Para Pemohon menilai di kondisi
pandemi Covid-19 seperti saat ini, kebijakan pungutan uang pangkal seharusnya
tidak layak untuk diterapkan karena negara seakan lepas tangan dalam urusan
pendidikan. Menurut Pemohon, Permendikbud Nomor 25 tahun 2020 tidak mengatur
mengenai batasan persentase maksimal Perguruan Tinggi (PT) dapat memungut uang
pangkal dari mahasiswa jalur seleksi mandiri.
“Hal ini tentu saja
dikhawatirkan akan menyebabkan PT memungut uang pangkal secara sewenang-wenang,
mengingat tidak ada rambu-rambu mengenai batas maksimal dapat dipungutnya uang
pangkal,” kata salah satu Pemohon, Franscollyn Mandalika dalam siaran pers yang
diterima Hayamwuruk pada Selasa
(21/07/2020) sore.
Akan tetapi, lanjut Mandalika,
perguruan tinggi selalu berdalih karena kebijakan yang dikeluarkan oleh
masing-masing rektor dilegitimasi oleh Permendikud Nomor 25 Tahun 2020,
sehingga Para Pemohon (6 mahasiswa FH Unnes) memiliki inisiatif untuk melakukan
Permohonan Uji Materi terhadap aturan tersebut.

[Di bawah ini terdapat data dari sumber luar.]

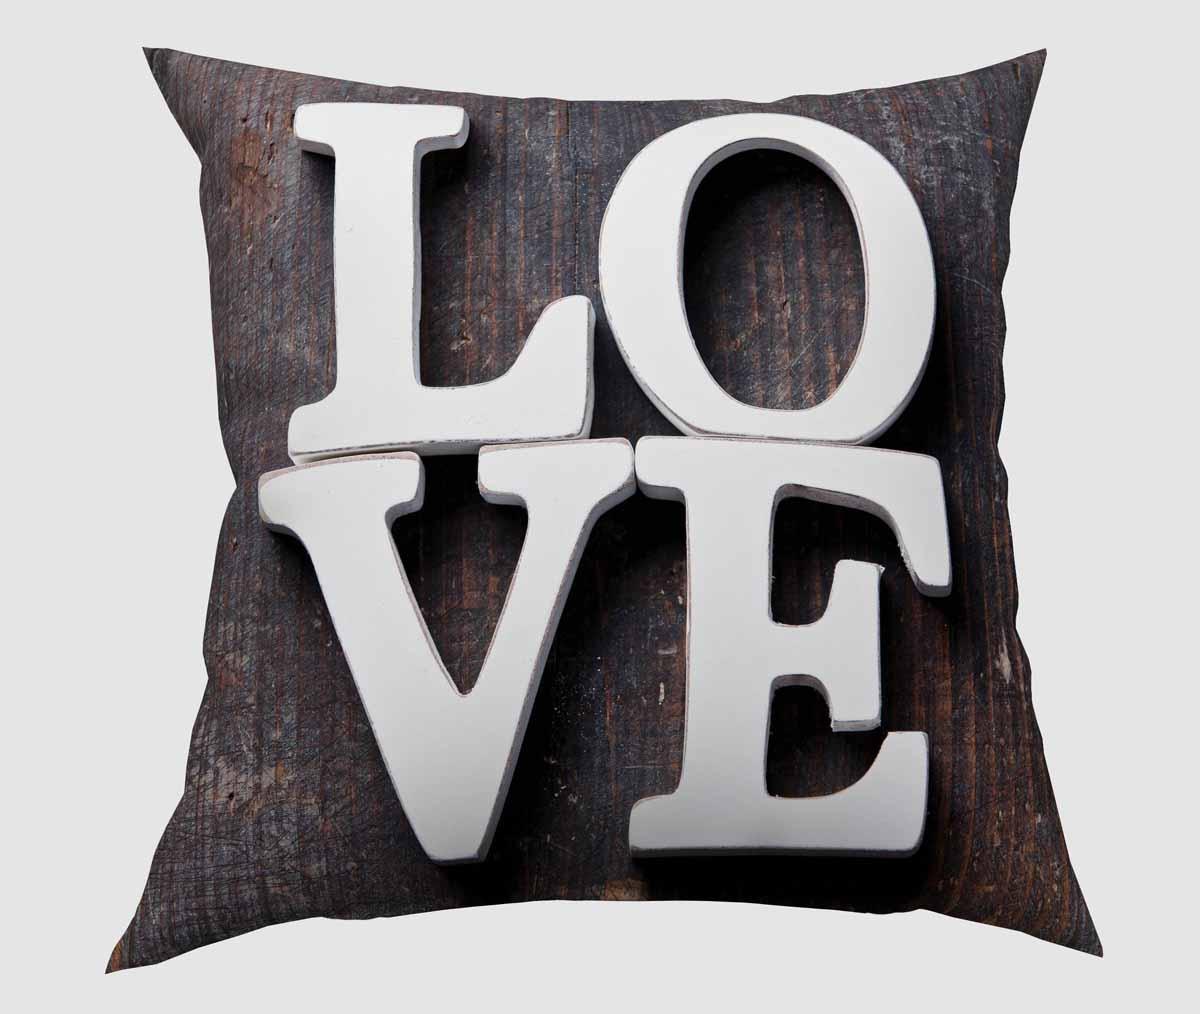 Подушка декоративная Сирень Объемная любовь, 40 х 40 см подушка декоративная сирень анютины глазки 40 х 40 см

Berdasarkan salinan Permendikbud 25/2020 yang diperoleh Hayamwuruk, pasal 9 ayat (1) berbunyi, “mahasiswa wajib membayar UKT (Uang Kuliah
Tunggal) secara penuh pada setiap semester.” Sedangkan pasal 10 ayat (1)
berbunyi, “PTN
dapat memungut iuran pengembangan institusi sebagai pungutan
dan/atau pungutan lain selain UKT dari Mahasiswa program
diploma dan program sarjana bagi: a.
Mahasiswa asing; b.
Mahasiswa kelas internasional; c.
Mahasiswa yang melalui jalur kerja sama; dan/atau d. Mahasiswa yang masuk
melalui seleksi mandiri.”
Pemohon menyatakan
bahwa pasal 9 ayat (1) bertentangan dengan pasal 47 ayat (1) Undang-Undang
Sistem Pendidikan Nasional (UU Sisdiknas), pasal 3 huruf 3, pasal 7 ayat 2,
pasal 63 huruf c UU Pendidikan Tinggi, pasal 26 ayat 2 dan pasal 48 huruf d UU
Penanggulangan Bencana.
Menurut Mandalika,
jika pasal 9 ayat 1 Permendikbud 25/2020 tetap diberlakukan, maka menciptakan
pendidikan yang tidak berkeadilan serta menegaskan bahwa PT akan memberikan layanan pendidikan dengan mengejar profit/keuntungan. “Sehingga wajar apabila dalam kondisi tidak normal yang disebabkan karena
bencana alam dan/atau non alam seperti saat ini, seluruh mahasiswa di PTN tidak perlu membayar
kewajiban berupa UKT secara penuh pada tiap semesternya,” kata Mandalika.
Pasal
10 ayat 1 huruf d Permendikbud 25/2020, menurut Pemohon, pasal tersebut bertentangan dengan peraturan yang lebih tinggi yakni
pasal 3 huruf e dan I UU Dikti, pasal 6 huruf b UU Dikti yang kemudian
dipertegas dalam pasal 4 ayat (1)
Undang-Undang Nomor 20 Tahun 2003 tentang Sistem Pendidikan Nasional, pasal 73
ayat 5 UU Dikti, Pasal 73 ayat (5) UU Dikti, pasal 7 ayat 1 UU Dikti,
pasal 89 ayat 1 UU Dikti, Pasal 88 ayat 5, pasal 47
ayat (1) UU Sisdiknas, Pasal 63 huruf c UU Dikti, Pasal 8 ayat (3) UU PNBP
serta pasal 26 ayat 2 UU Penanggulangan
Bencana, Pasal 48 huruf d.
Mandalika
beranggapan bahwa pemberlakuan pasal 10 (1) huruf (d) Permendikbud 25/2020
telah secara langsung menciptakan pendidikan yang tidak berkeadilan,
diskriminatif, tidak terjangkau, dan tidak berdasar pada prinsip nirlaba.